§ **What the task asks**
Could you give again exactly, and only, the lines from the one holding "EQ-5D-3L, EQ-VAS, EQ-5D-3L" through the end of the data, both ends included, with pictures left out?

§ **Given material**
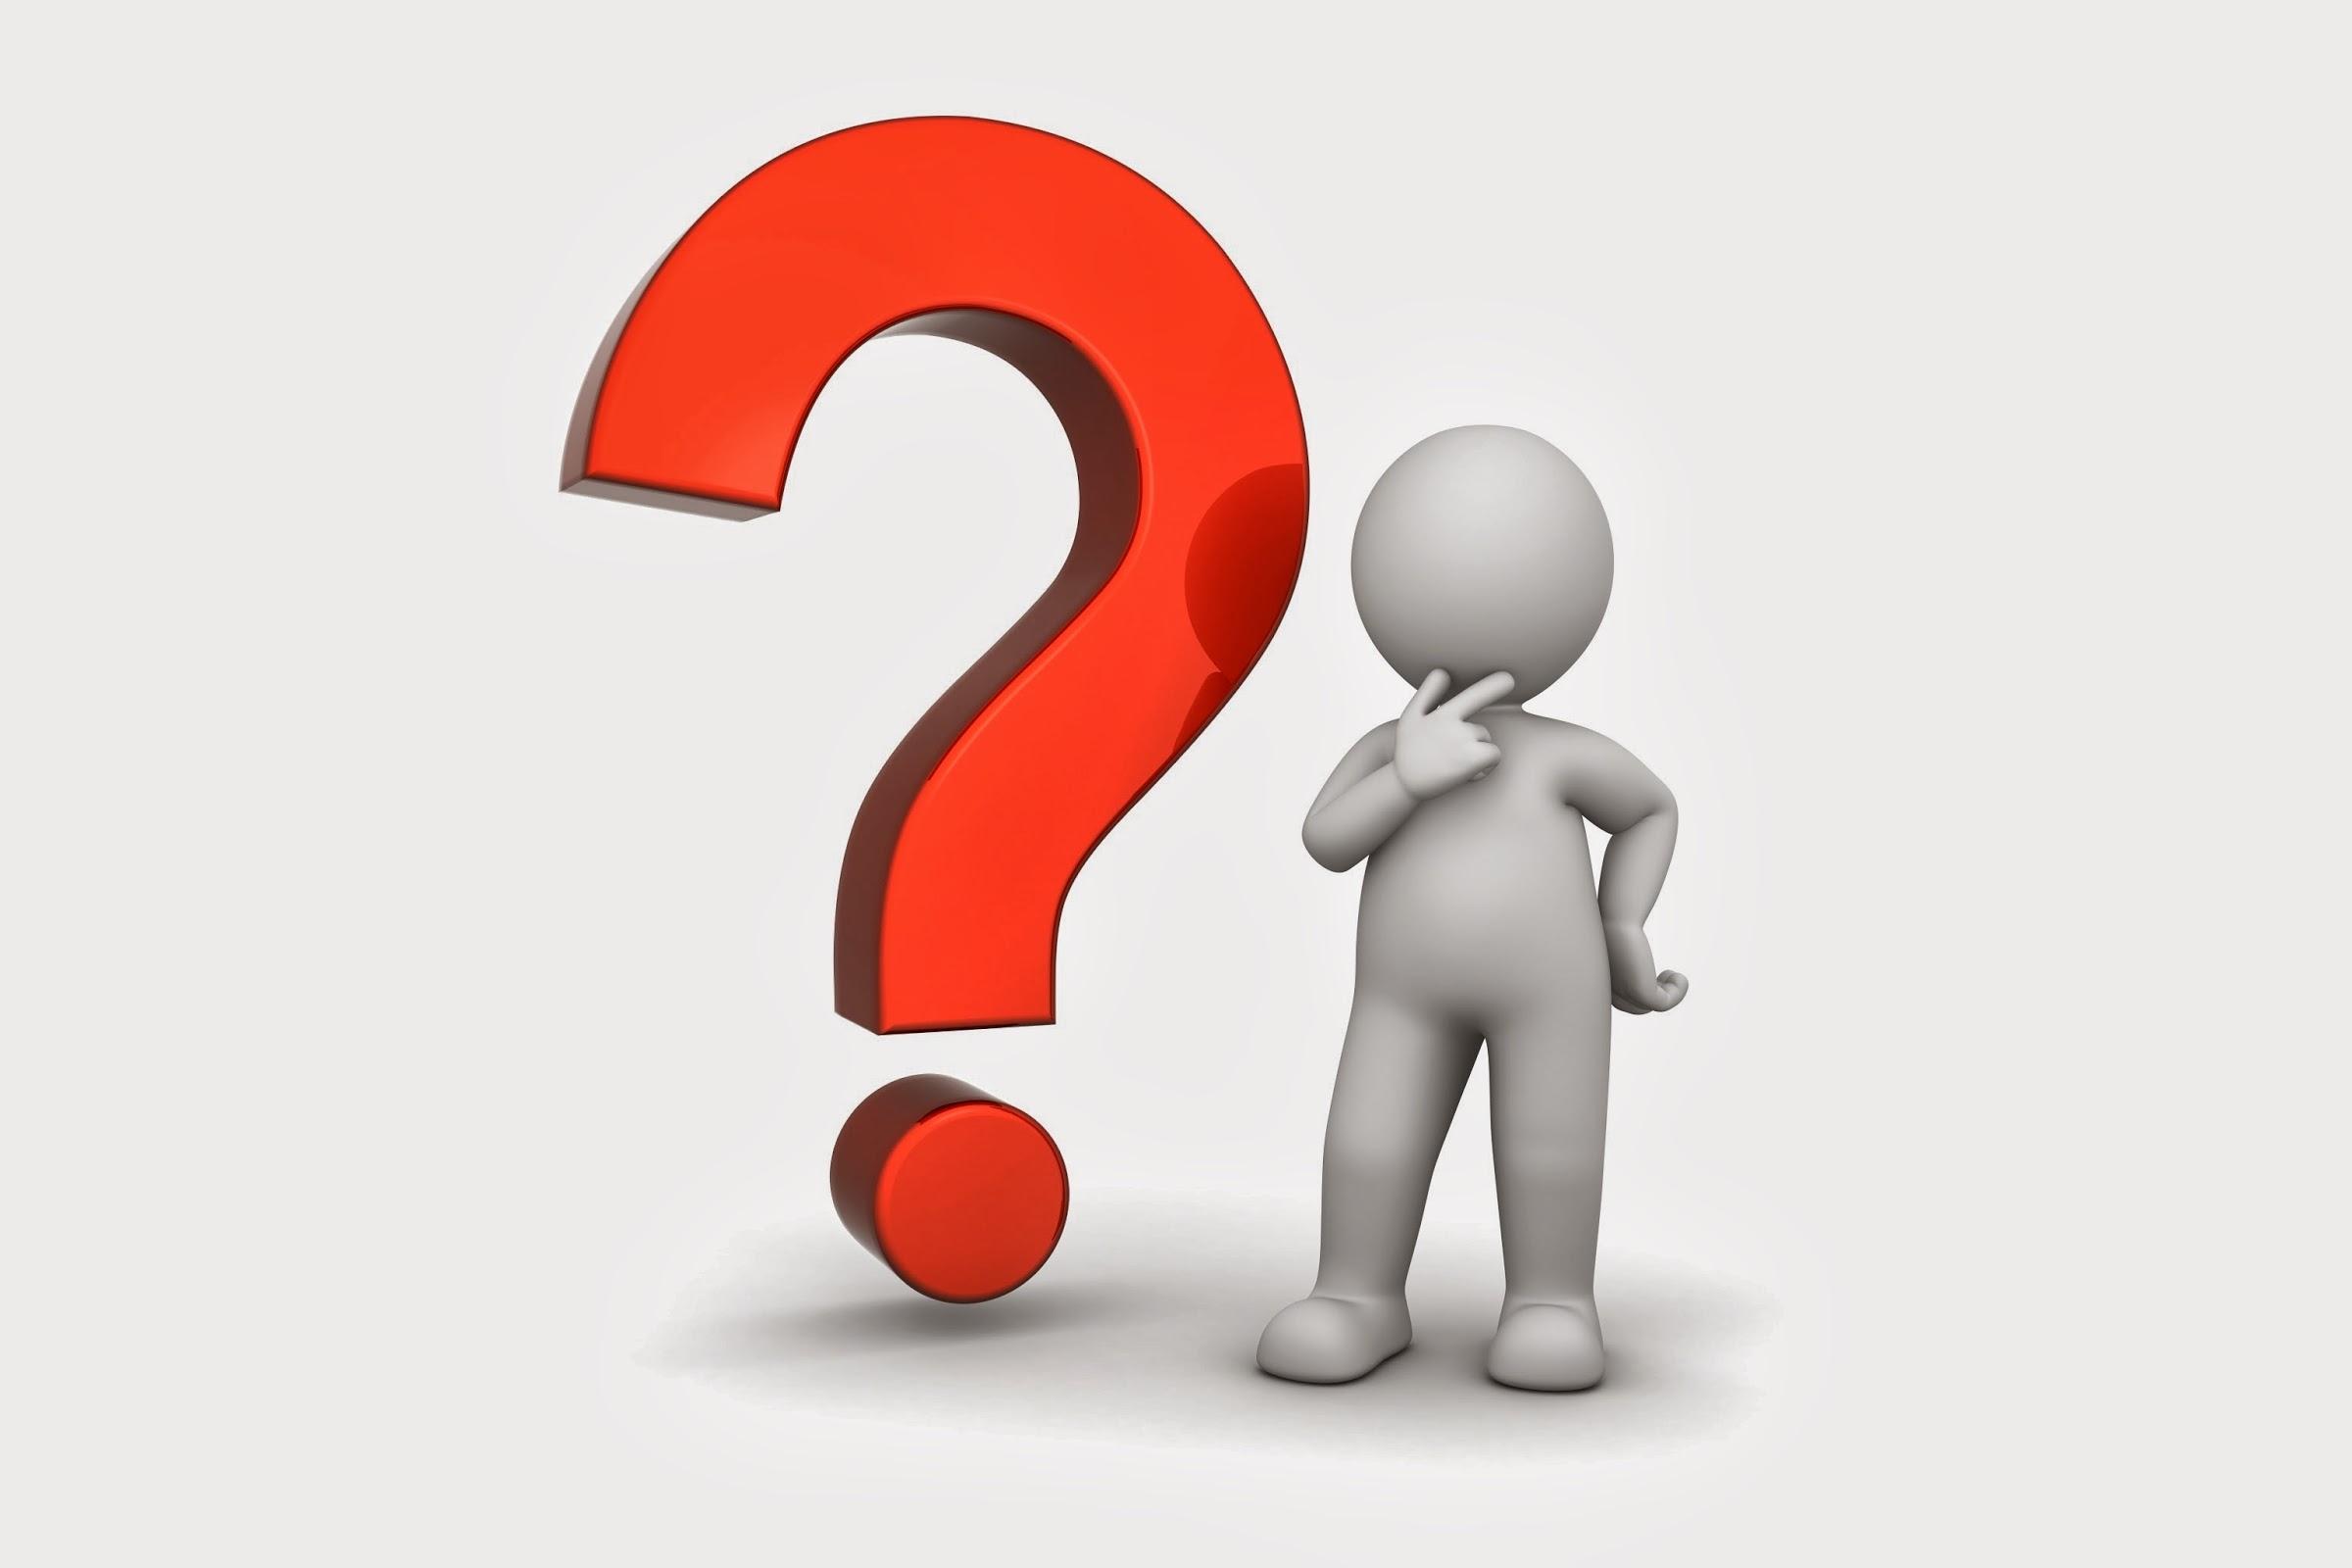 Previdenza complementare - Domande (3) Imc
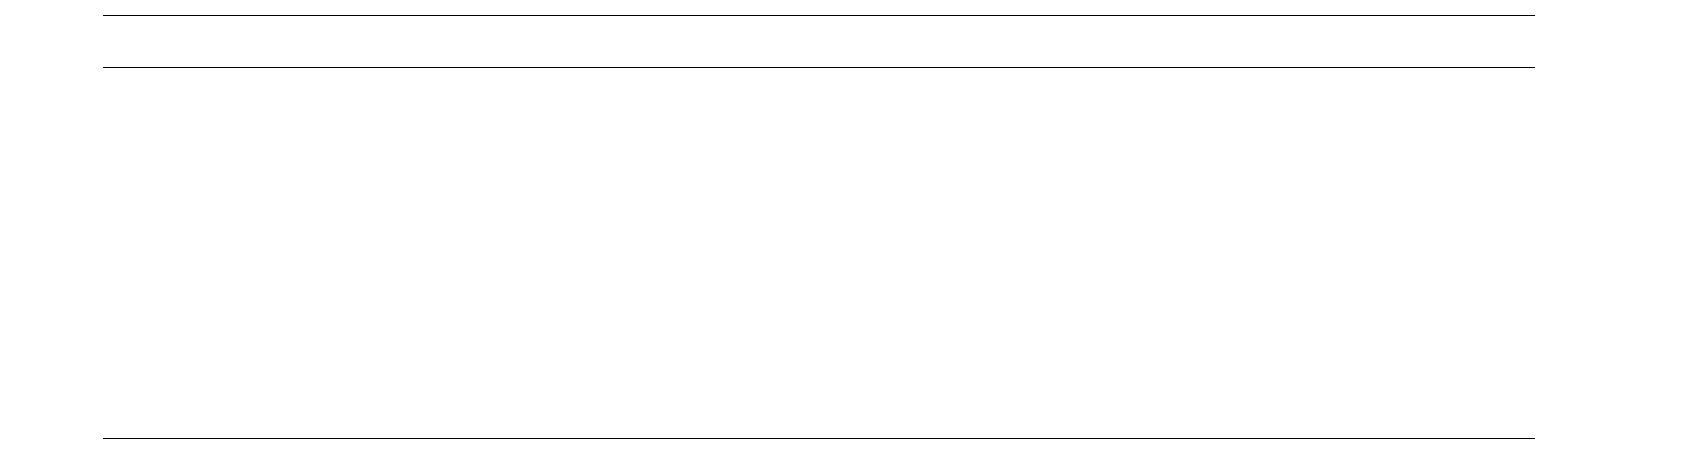 EQ-5D-3L, EQ-VAS, EQ-5D-3L index결과와 SF-36v2, SF-6D의 상관분석
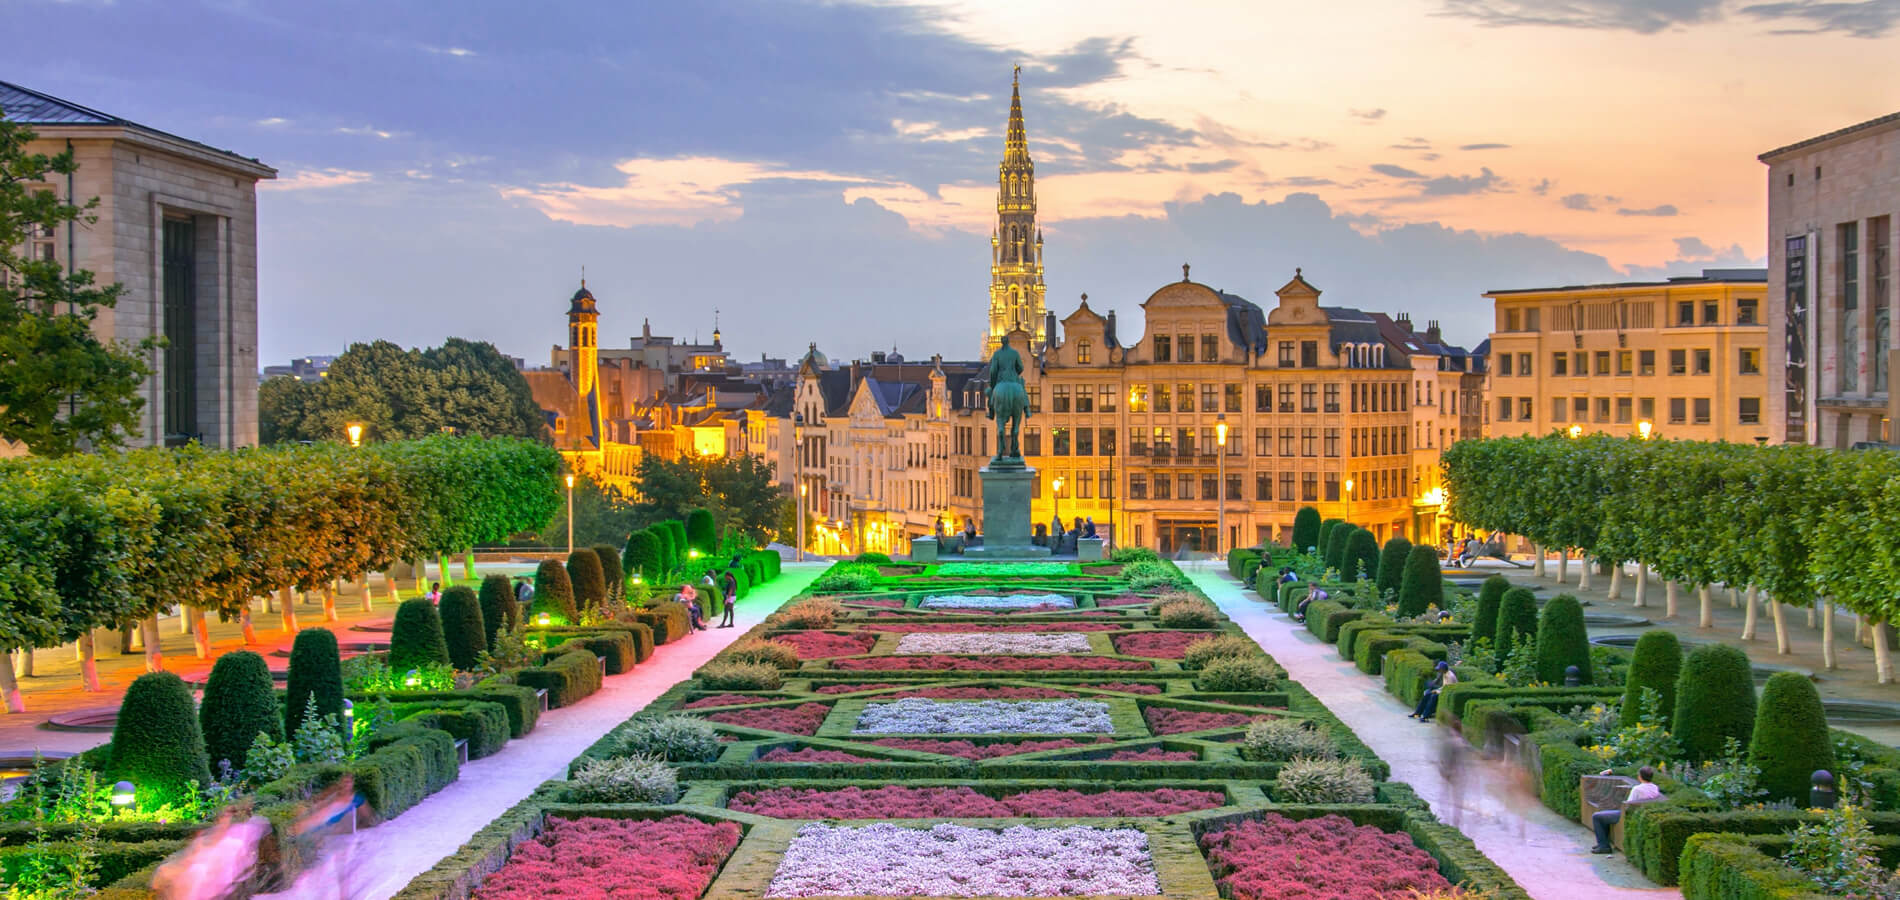 Le siège social de son entreprise au coeur de l'Europe, près de Bruxelles.

§ **Exercise solution**
 EQ-5D-3L, EQ-VAS, EQ-5D-3L index결과와 SF-36v2, SF-6D의 상관분석
 Le siège social de son entreprise au coeur de l'Europe, près de Bruxelles.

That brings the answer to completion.